The Sacramento Kings pick 5th. If he isn’t already gone, DeMarcus Cousins comes off the board here. Other than John Wall, Cousins is the most NBA ready player in this draft. His game, in particular his rebounding skills, should translate to the NBA immediately. Questions about his maturity level abound, and the Kings should expect to experience their fair share of growing pains with Cousins, but when he is on the floor, he is a bruising, in your face, instant impact kind of player. You might say he is the anti-Derrick Favors. Cousins, if selected, gives the Kings a much needed center and makes for an extremly talented nucleus the includes reigning Rookie of the Year Tyreke Evans, Jason Thompson, Carl Landry, and Omri Casspi.

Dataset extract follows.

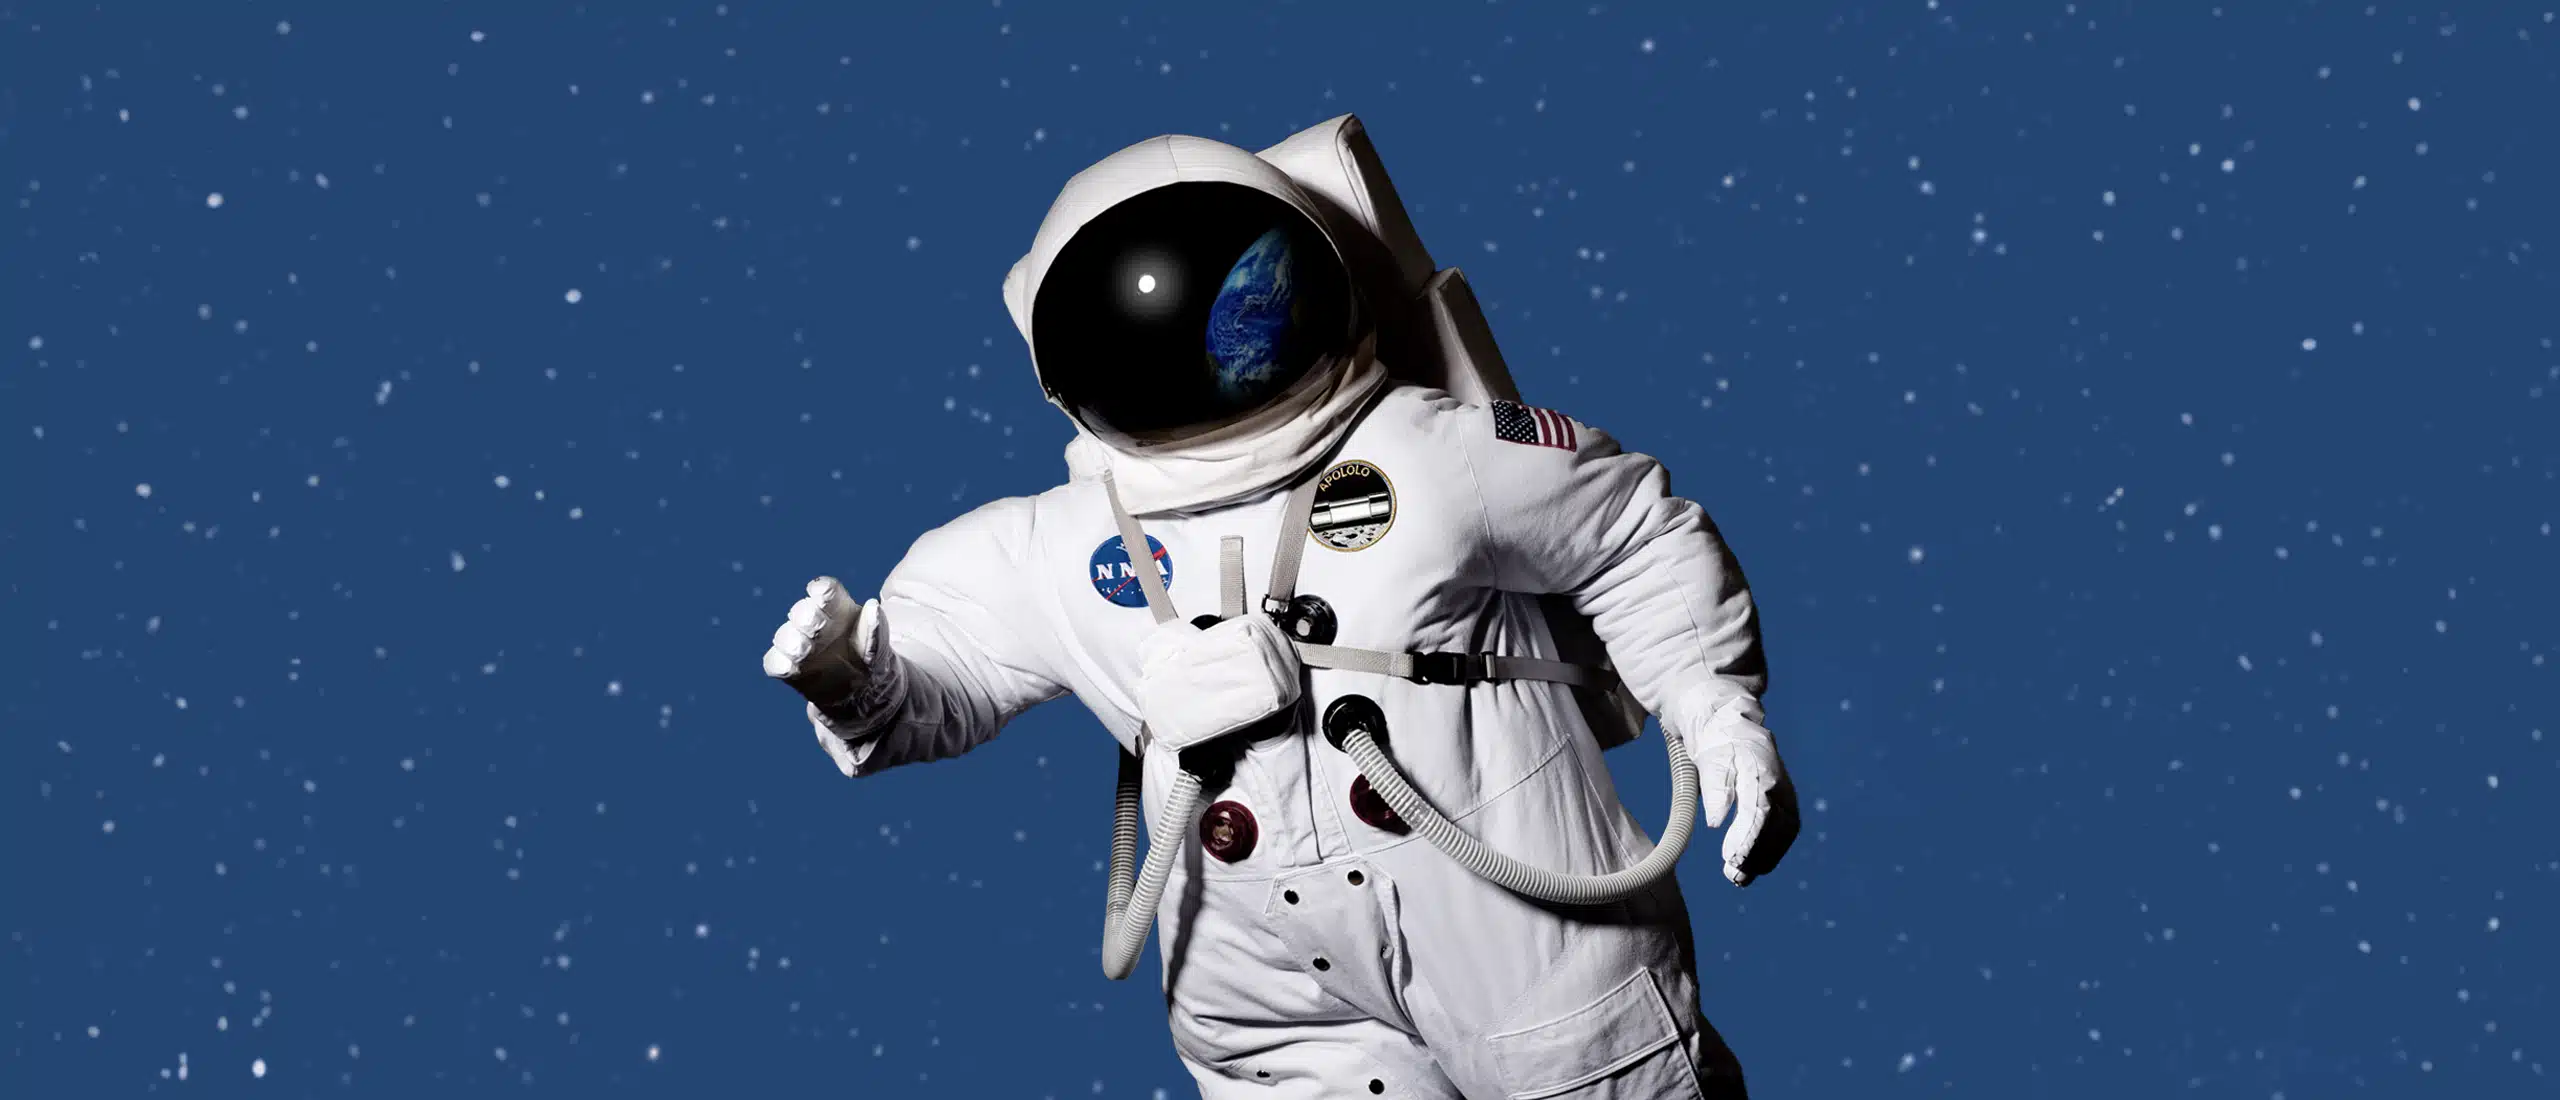 astronaut on a blue background
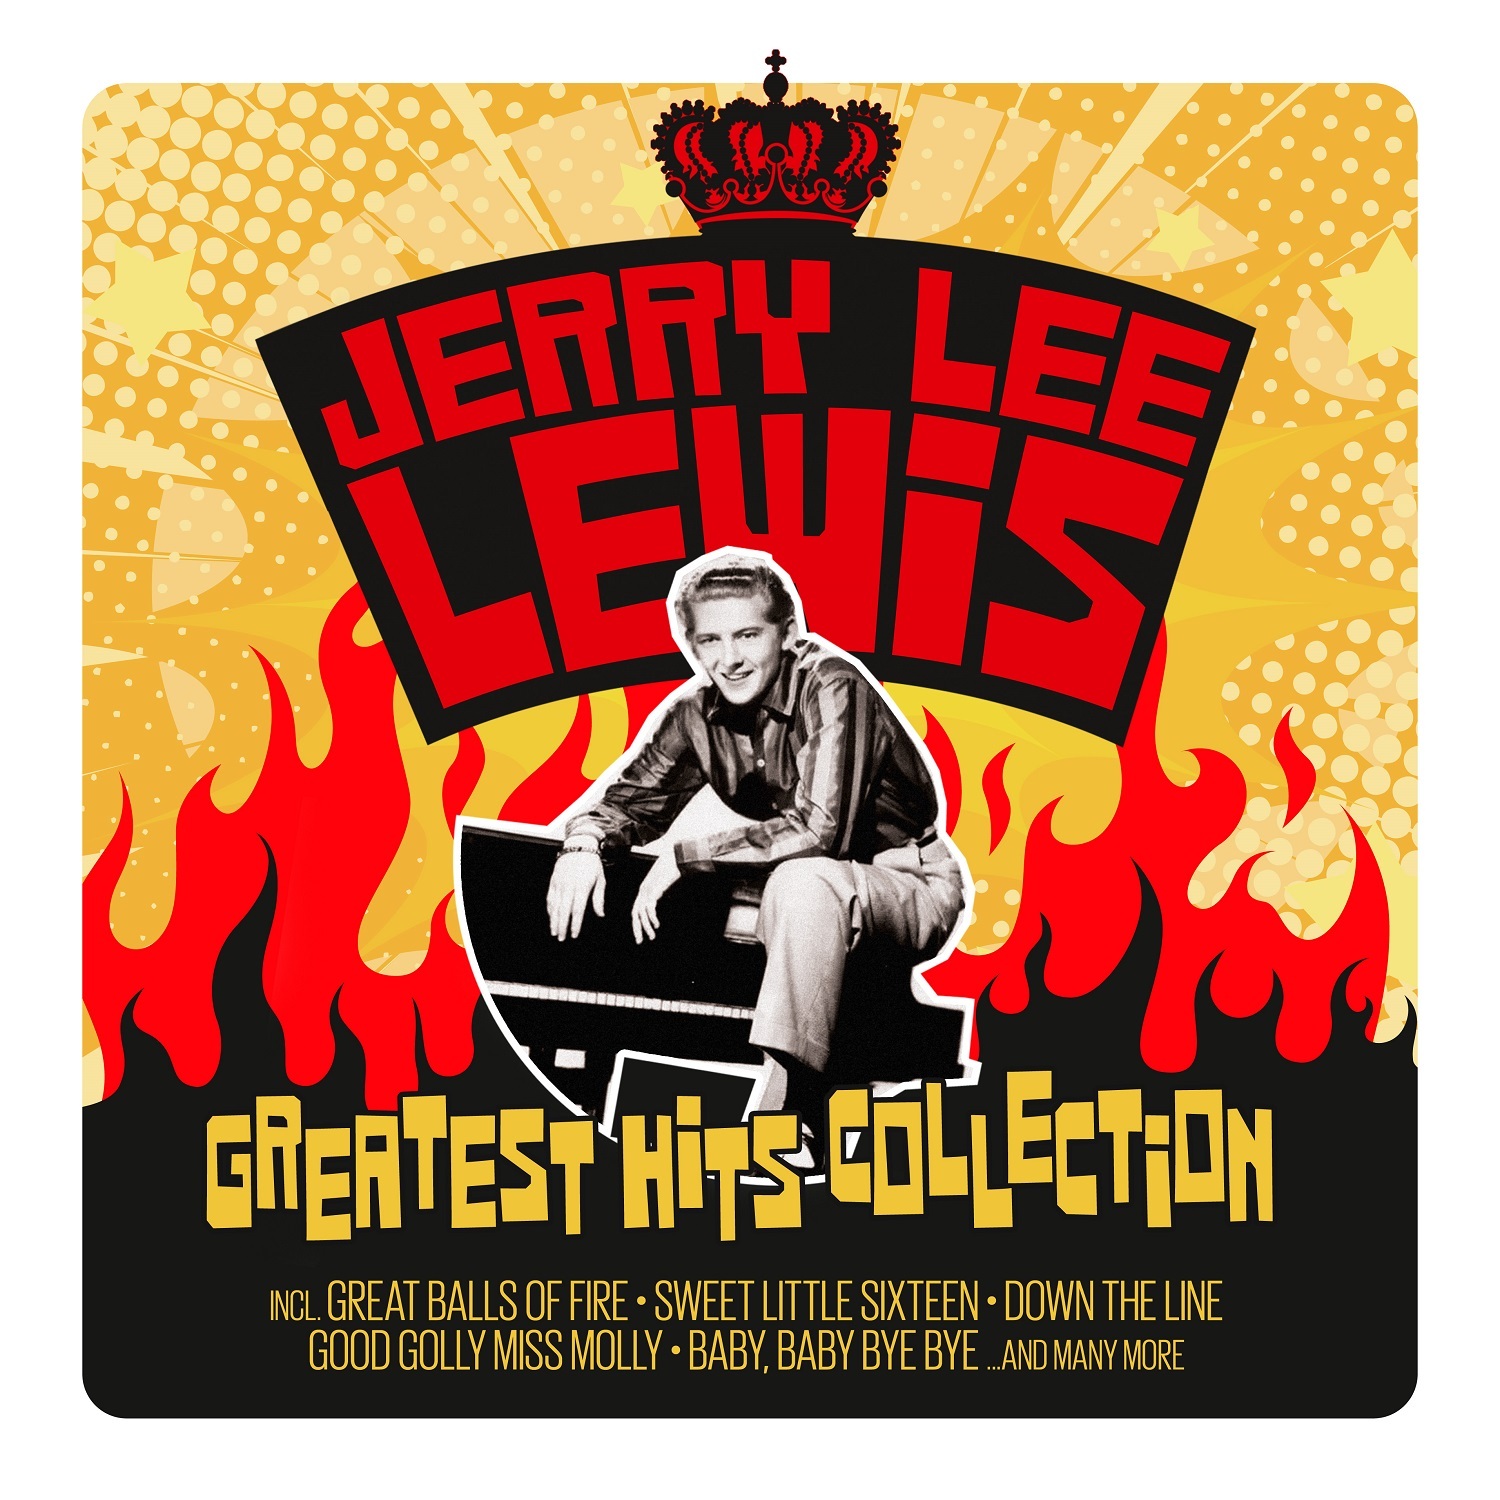 Jerry Lee Lewis great balls of Fire. Jerry Lee Lewis the collection LP. Jerry Lee Lewis great balls of Fire album. Jerry Vale "Greatest Hits" обложки альбомов. Greatest hits collection

Give it up for Sam Presti. Not only has he assembled a wildly talented team in Oklahoma City, but the guy has two more first round draft picks to work with this year. Plus, he recently pilfered the 18th pick and Daequan Cook from the Miami Heat. For a team already on the fast track to playoff contention, adding talent through the draft only sweetens the pot. It isn’t as though the Thunder have the 30th pick either, we are talking about the 18th overall pick. It should also be mentioned that this newly acquired pick and Cook could serve as excellent bargaining chips should Presti be looking to move up and into the lottery. Can you imagine a Thunder team with Russell Westbrook, Kevin Durant, Jeff Green, and another lottery pick? They already have James Harden and Thabo Sefolosha, and Nic Collison isn’t bad. This is a team poised for a meteoric rise, and they are doing it the right way. There are quite a few teams out there that would love to be in Presti’s position, and even more who could learn a thing or two from this guy. Cleveland Cavaliers, are you listening?
Couldn’t do this whole thing without mentioning LeBron, could I?
One thing is for certain, I could not do this whole thing without mentioning William Wesley, a man who utterly fascinates me. According to Jalen Rose, himself a close friend and confidant of Wesley’s, LeBron James will not be returning to Cleveland next year. Rose said through Twitter that LeBron and Wesley have mulled it over and have settled on somewhere other that Cleveland. We’ll see about that one.
I hate to look like a fool with all of this talk about teams having a talented young nucleus. The reality is, even with the praise I have for some of these potential player pairings, most of these teams will be back in the lottery next year. The revolving door that is the NBA Draft Lottery is never ending, once you’re in it, it takes a very special talent to escape. Outside of John Wall, I don’t see any of the players in this draft having the kind of impact on their team to transform them from a lottery team to a playoff team. Unfortunately, Wall is that singular talent, but he is seems destined to be mired inside the beltway on a team with no apparent direction at all. What a shame.